RECORDED DATA:
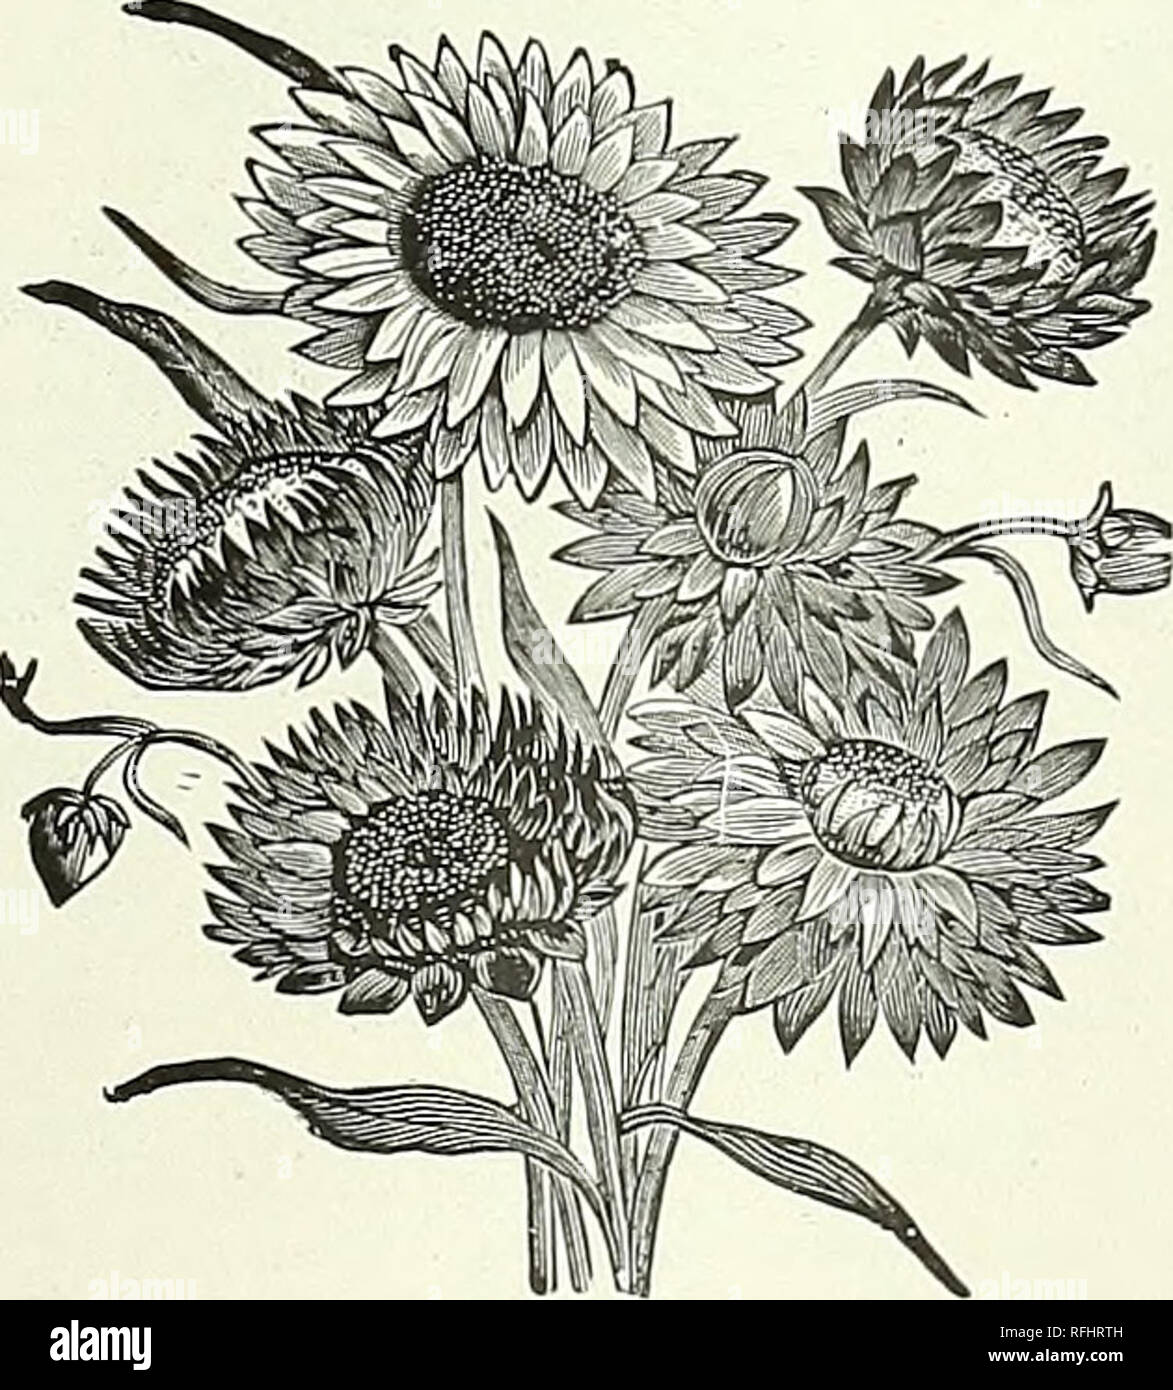 . Importers growers and dealers in choice seeds, bulbs and plants, 1900. Nursery stock New York (State) Catalogs; Flowers Seeds Catalogs; Vegetables Seeds Catalogs; Plants, Ornamental Catalogs; Gardening Equipment and supplies Catalogs. GAILLARDIA PICTA LORENZIANA. Double Gaillardia. This is an introduction of the greatest importance, and one which will prove to be of lasting merit. As an ornamental plant, and on account of its long duration of bloom, and its usefulness for cut flowers, it can- not be too highly recommended. Per pkt., 5c. HYBRID GAILLARDIAS. Exceedingly showy flowers, blooming Stock Photo
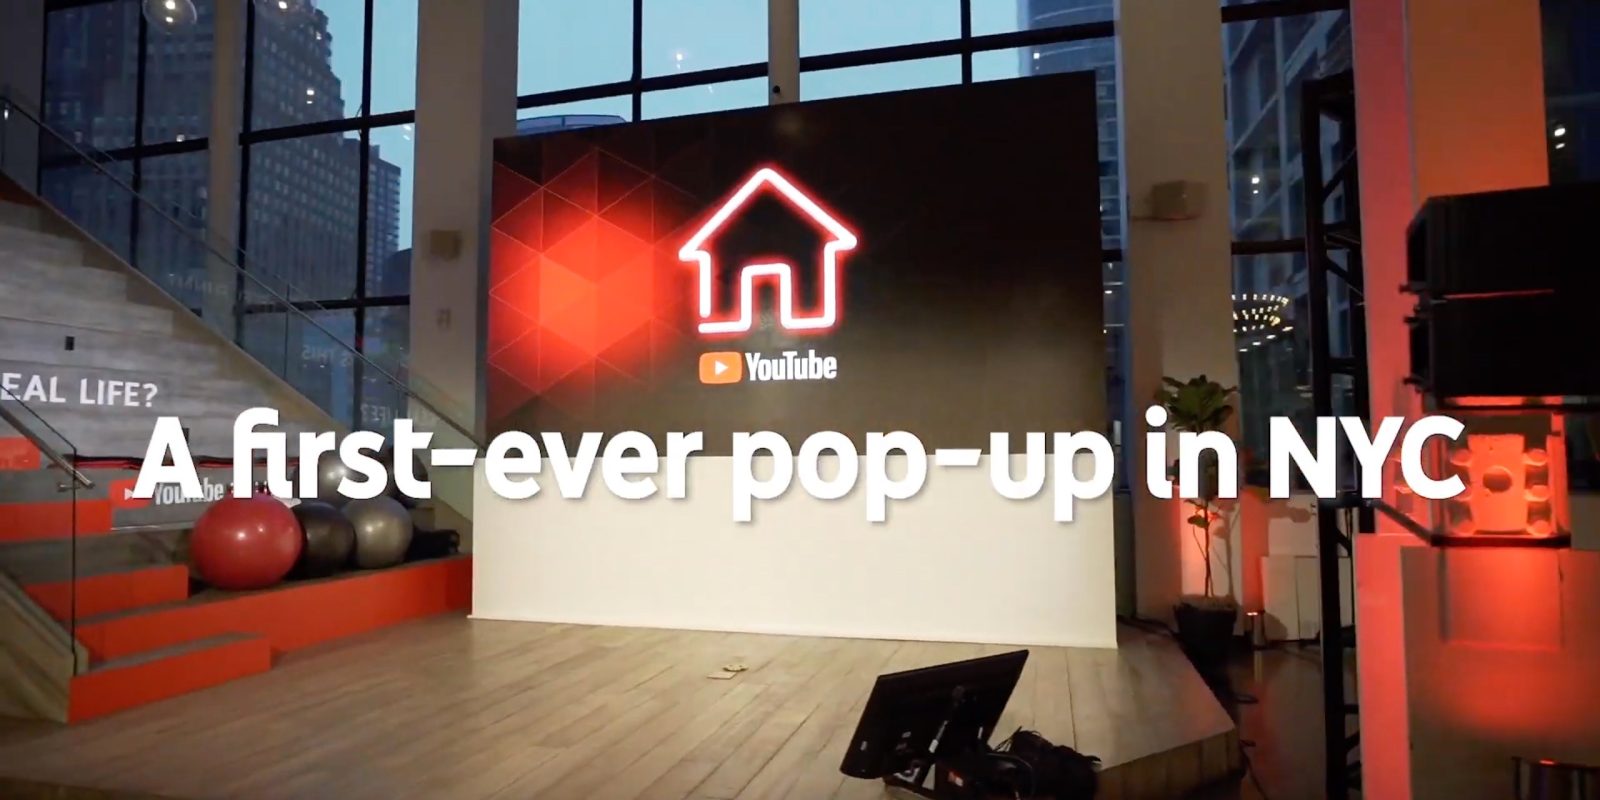 YouTube House pop-up NYC
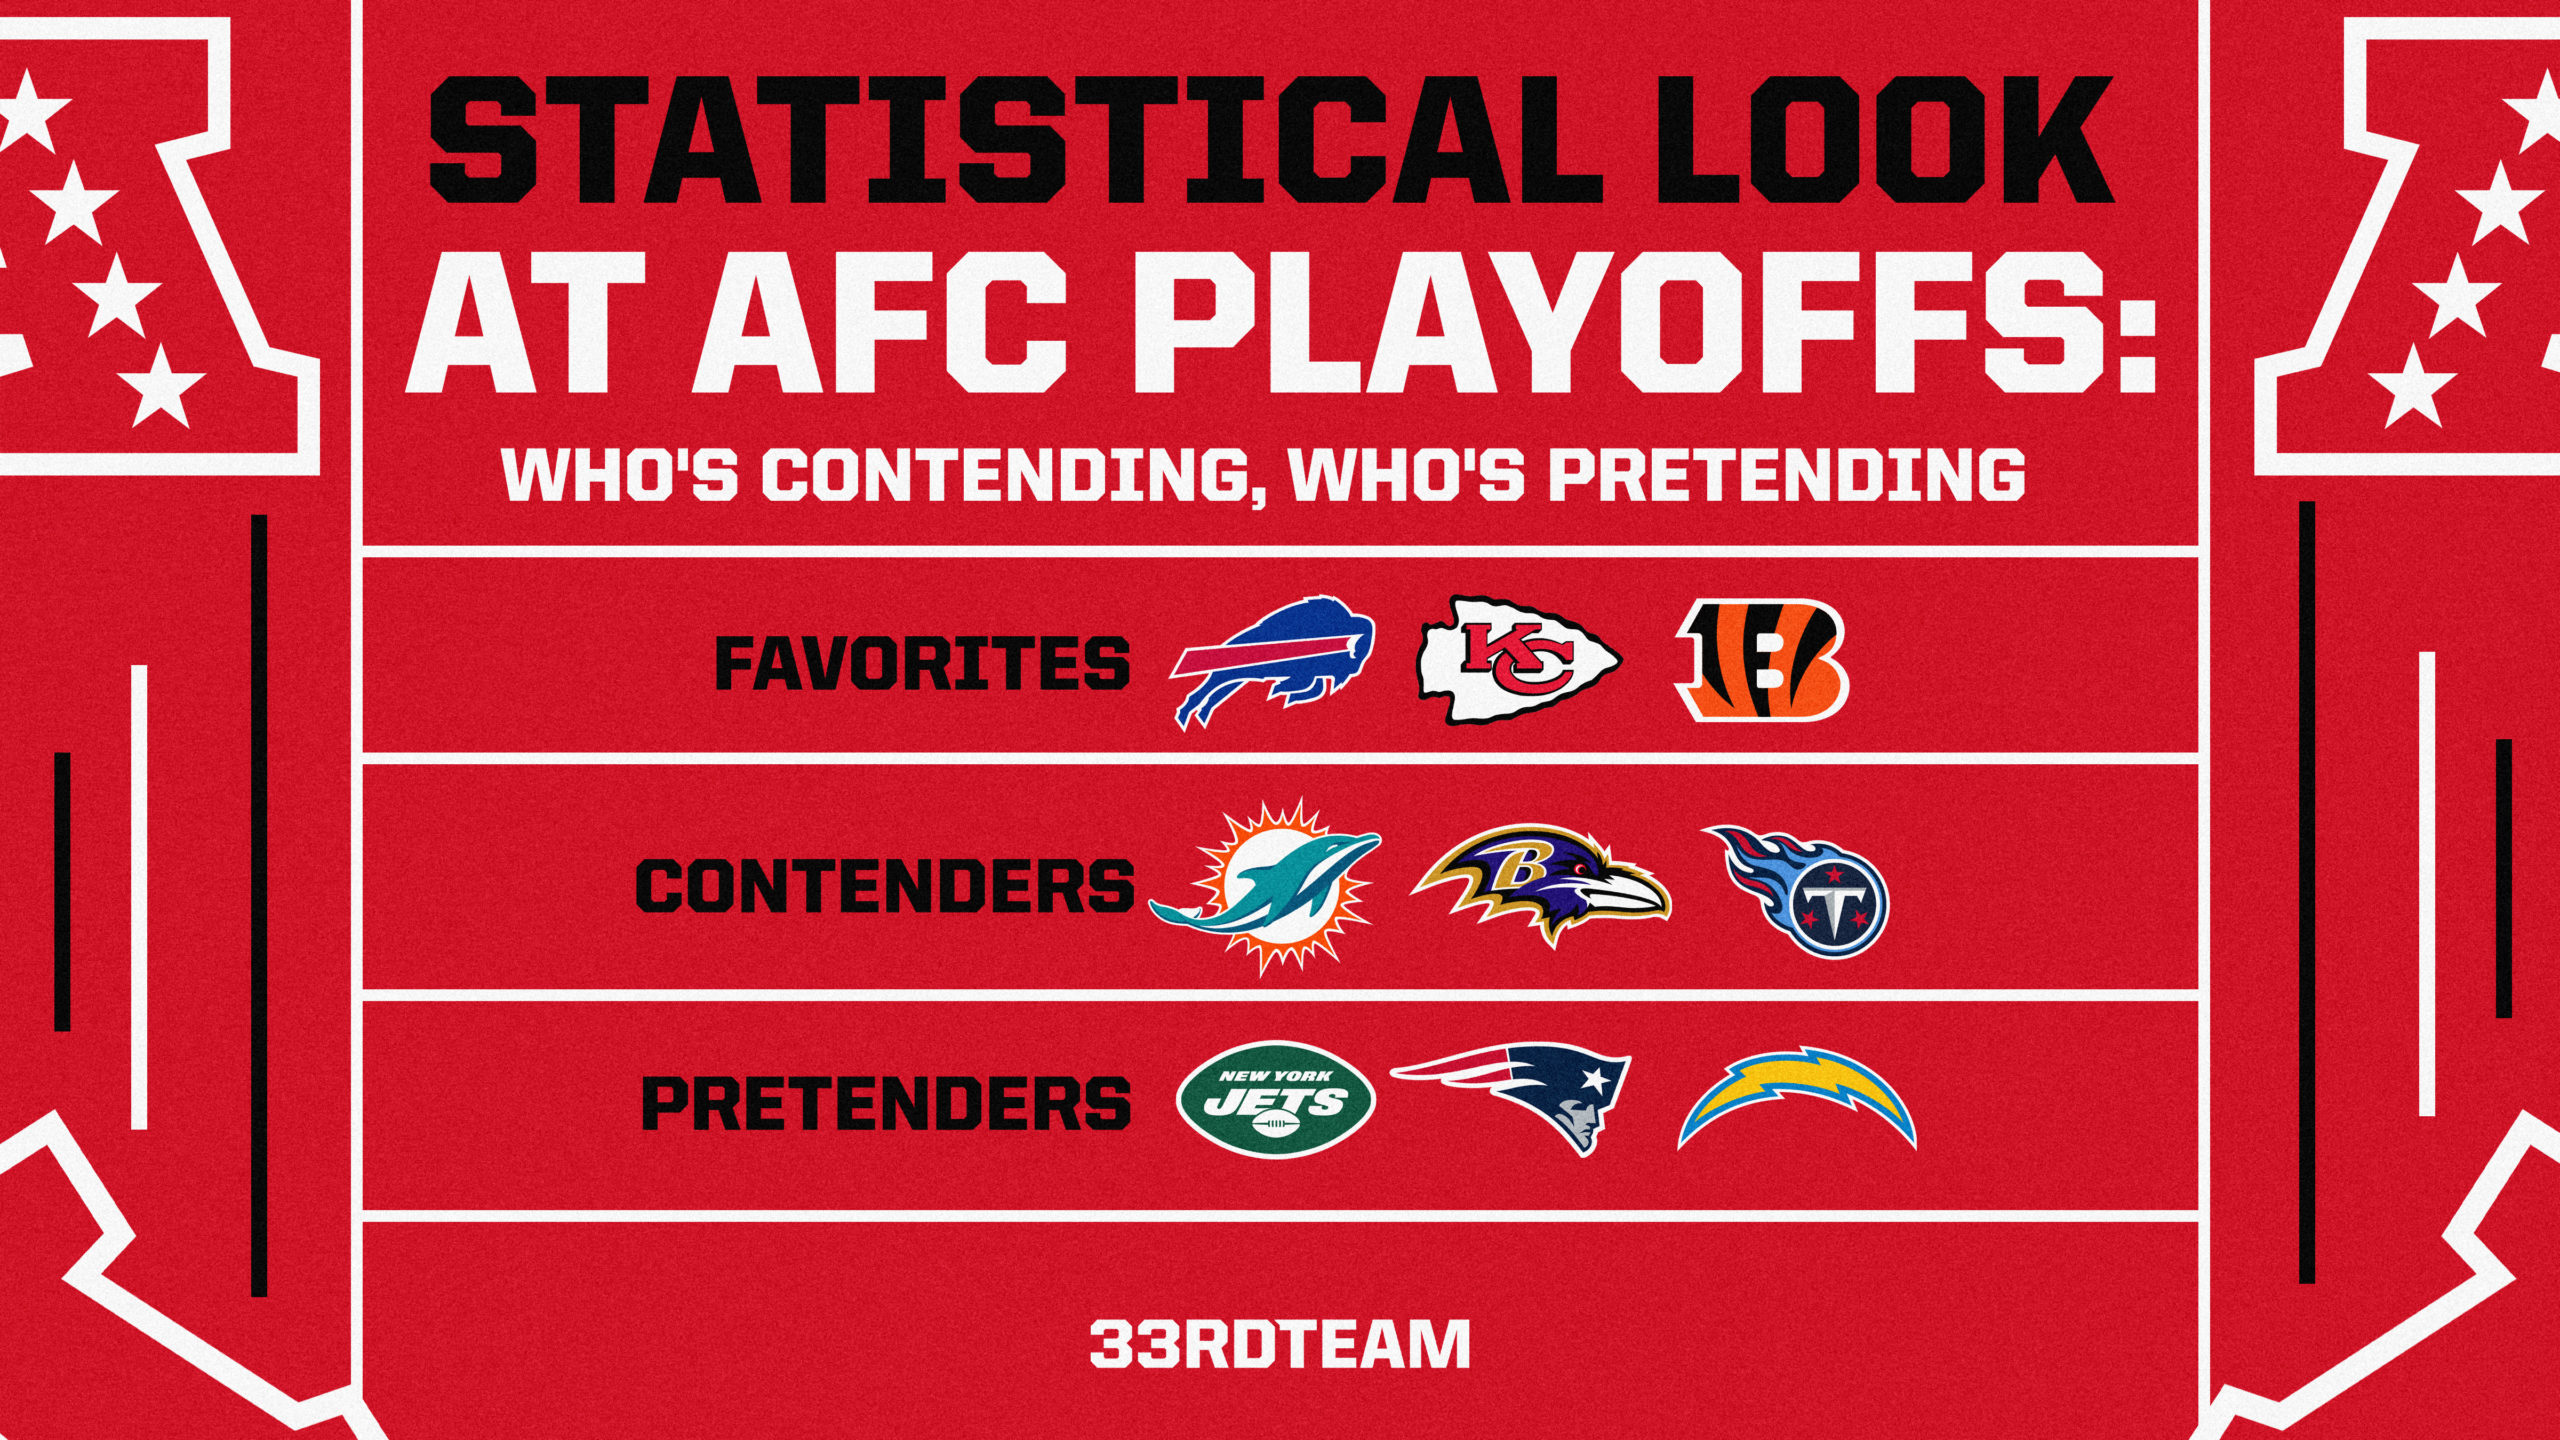 2022 AFC Playoff Picture: Who’s Contending, Who’s Pretending?

EXERCISE BRIEF: After locating the line that holds "YouTube House pop-up NYC", output exactly the lines from it through the last line of the material above, inclusive, without pictures.

SOLUTION FOR THIS EXERCISE:
 YouTube House pop-up NYC
 2022 AFC Playoff Picture: Who’s Contending, Who’s Pretending?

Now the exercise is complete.